Private sector lender ICICI Bank on Saturday reported a 34.2 per cent year-on-year (YoY) increase in its standalone net profit in the October-December quarter (Q3) of FY23 to Rs 8,311.85 crore boosted by firm growth in net interest income.
On a sequential basis, the private bank’s net profit rose 10 per cent from Rs 7,557.84 crore in the July-September quarter.
ICICI Bank’s core operating profit, which is the profit before provisions and tax excluding the treasury income, grew 31.6 per cent year-on-year to Rs 13,235 crore in October-December.
In October-December, ICICI Bank’s net interest income – the difference between interest earned and interest expended – surged 34.6 per cent on-year to Rs 16,464.98 crore. The bank’s net interest margin (NIM) was at 4.65 per cent in the third quarter of the current financial year, sharply up from 3.96 per cent a year ago and higher than 4.31 per cent in July-September.
With banks having raised deposit rates sharply over the last couple of months, however, ICICI Bank’s management expects the net interest margin to stabilise going ahead.
“In a rising rate environment, the NIM of the banks typically tends to rise as loans (linked) to the external benchmark reprice faster. But as the deposit rates also are getting repriced, we do expect that somewhere the NIMs will stabilise,” Sandeep Batra, executive director, ICICI Bank said in a post-earnings call. He said that interest rates would likely peak within a quarter or so.
The Reserve Bank of India (RBI) raised the repo rate by a total of 225 basis points in 2022. A considerable portion of banks’ loans is linked to external benchmarks, including policy rates. Over the past few months, banks have faced pressure to increase deposit rates and mobilise funds in the face of booming credit growth.
As on December 31, ICICI Bank’s total advances were at Rs 9.74 trillion, up 19.7 per cent on-year. Total deposits, on the other hand, grew 10.3 per cent on-year to Rs 11.22 trillion as on December 31.
Within the deposits, the average Current Account and Savings Account (CASA) deposits, which represent low-cost funds, rose 10.4 per cent on-year in October-December. Term deposits were at Rs 6.13 trillion as on December 31, up 14.2 per cent on-year.
“We have been having a pretty comfortable LCR (Liquidity Coverage Ratio).
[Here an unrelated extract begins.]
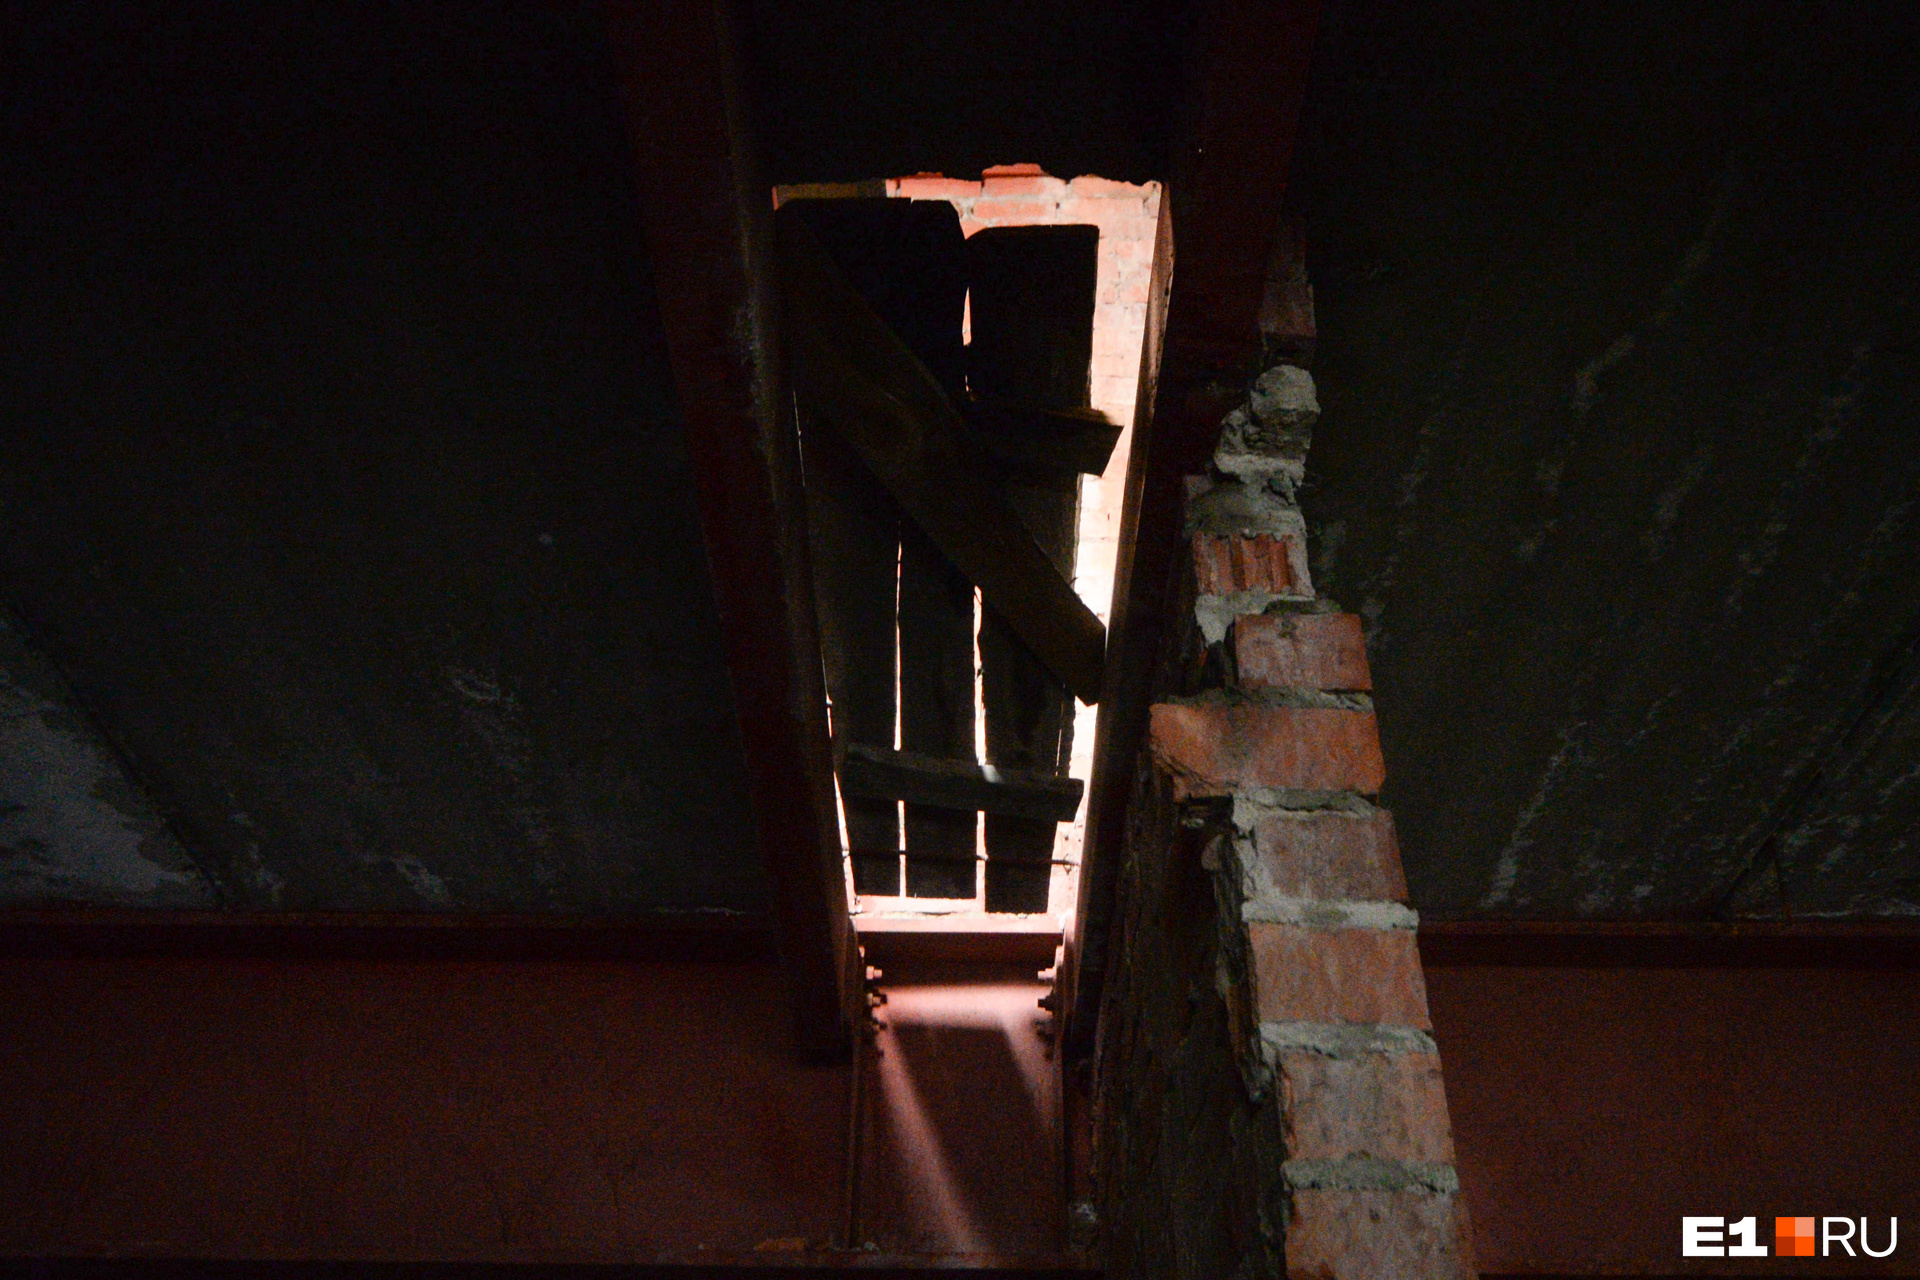 Те самые деревянные перекрытия в потолке, через которые капает вода. Они есть на каждом этаже
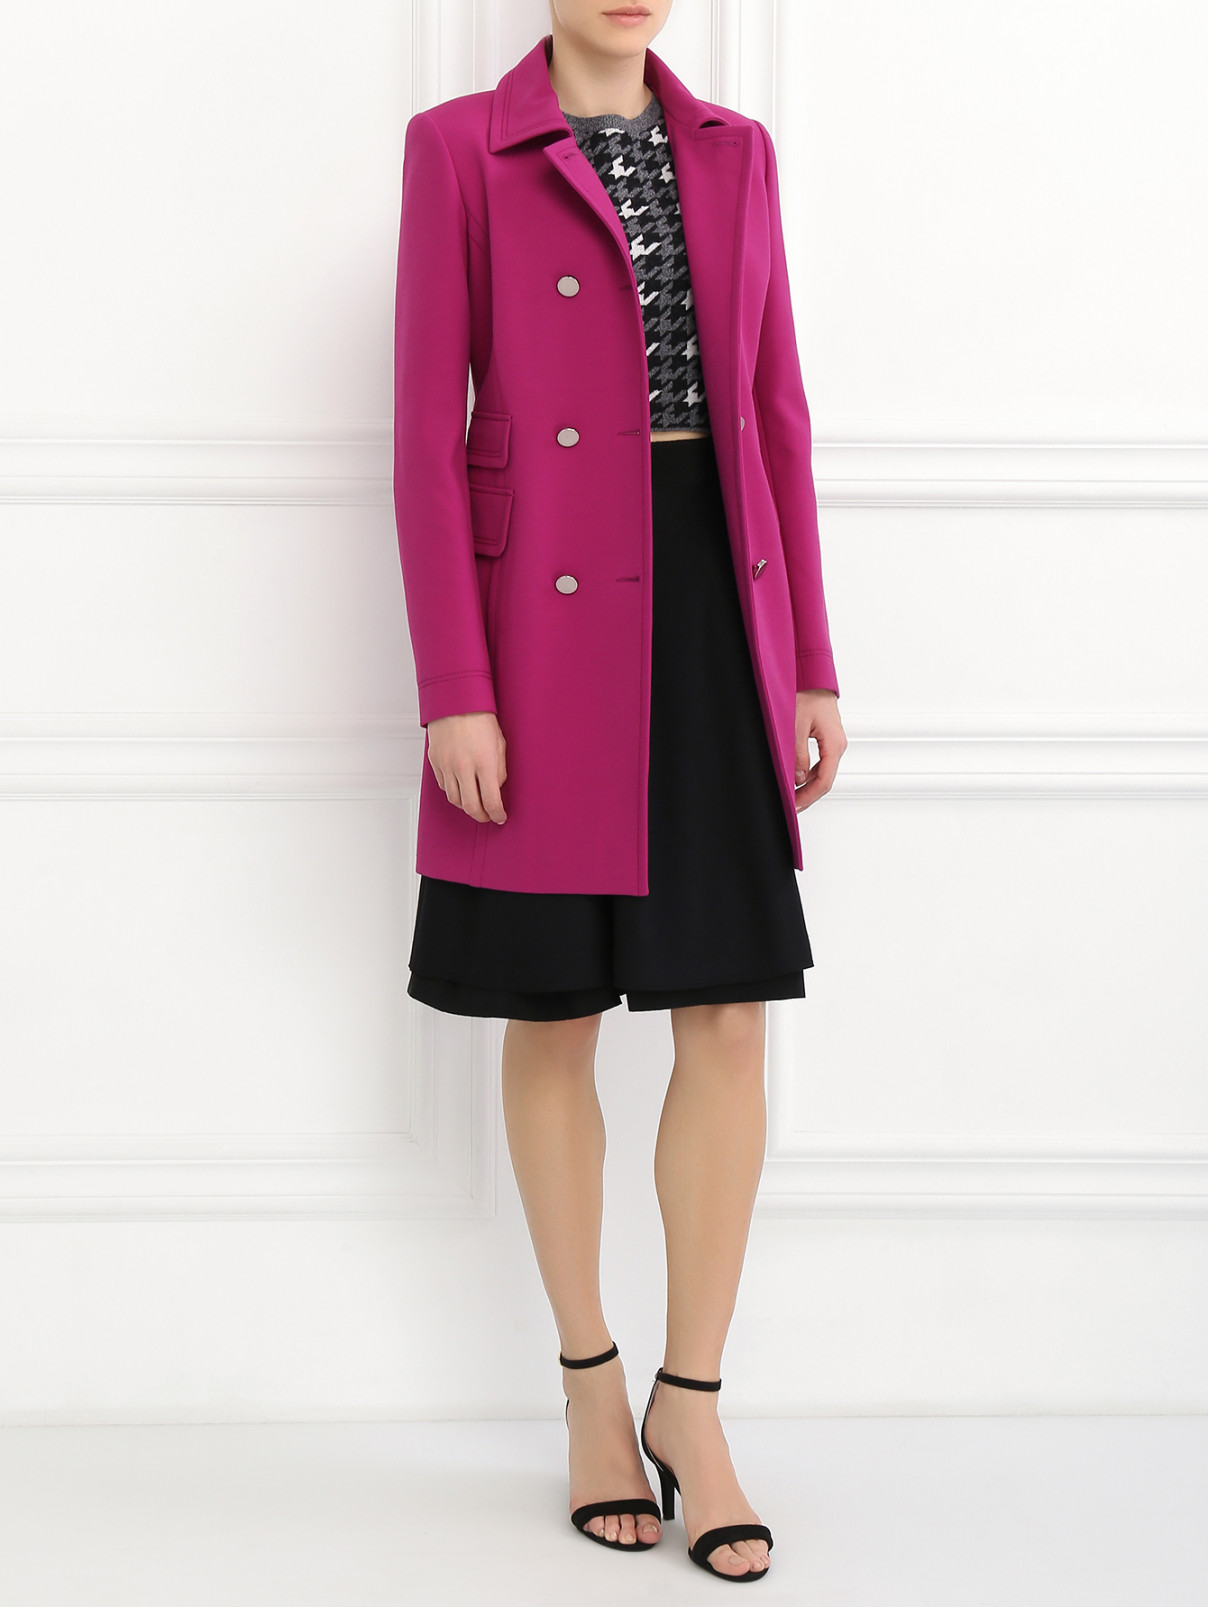 Пальто с металлической фурнитурой Barbara Bui  –  Модель Общий вид  – Цвет:  Розовый

Even now it is about 123 per cent, so to that extent we have been able to utilise our existing liquidity and that is the reason why we grew our deposits by about Rs 32,000 crore during the quarter,” Batra said.
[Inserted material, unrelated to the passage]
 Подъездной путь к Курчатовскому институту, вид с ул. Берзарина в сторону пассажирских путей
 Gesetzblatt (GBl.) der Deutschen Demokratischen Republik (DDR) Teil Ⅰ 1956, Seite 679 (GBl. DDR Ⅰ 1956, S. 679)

“From our perspective, we are pretty confident that whatever loan growth that we are attempting, or aspiring to do for our customers will not be constrained by deposits or liabilities for that matter,” he said.
On the credit front, the bank’s retail loan portfolio grew 23.4 per cent on-year, accounting for 54.3 per cent of total loans as on December 31. The corporate portfolio clocked in 18.2 per cent year-on-year growth, while the rural portfolio grew 12.5 per cent on-year.
ICICI Bank reported an improvement in asset quality in the previous quarter, with both gross and net non-performing asset ratios declining. As on December 31, the gross NPA ratio was at 3.07 per cent versus 3.19 per cent a quarter ago and 4.13 per cent a year ago. The net NPA ratio was at 0.55 per cent as on December 31, versus 0.61 per cent a quarter ago and 0.85 per cent a year ago.
Even as the asset quality improved, ICICI Bank reported an increase in provisions – excluding provisions for tax – of 12.5 per cent year-on-year to Rs 2,257 crore. As on December 31, the bank held contingency provisions worth Rs 11,500 crore.
The bank said that it has changed its norms on provisioning on NPAs and adopted a more conservative approach. Consequently, provisions in the third quarter include contingency provisions of Rs 1,500 crore, the bank said.
“As I did mention, this is being made on a prudent basis. We have made an additional contingency provision of about Rs 1,500 crores. When we are looking at the overall macro environment, both globally and in India, and the impact of inflation and interest rates and geopolitical risks across our portfolio, we feel that it is better to have a contingency buffer,” Batra said. The new provisioning approach strengthens the bank’s balance sheet and is part of its strategic framework, Batra said.
As on December 31, the bank’s Basel III capital adequacy ratio was at 16.26 per cent versus 17.91 per cent a year ago. The provisioning coverage ratio on non-performing assets was 82 per cent as on December 31.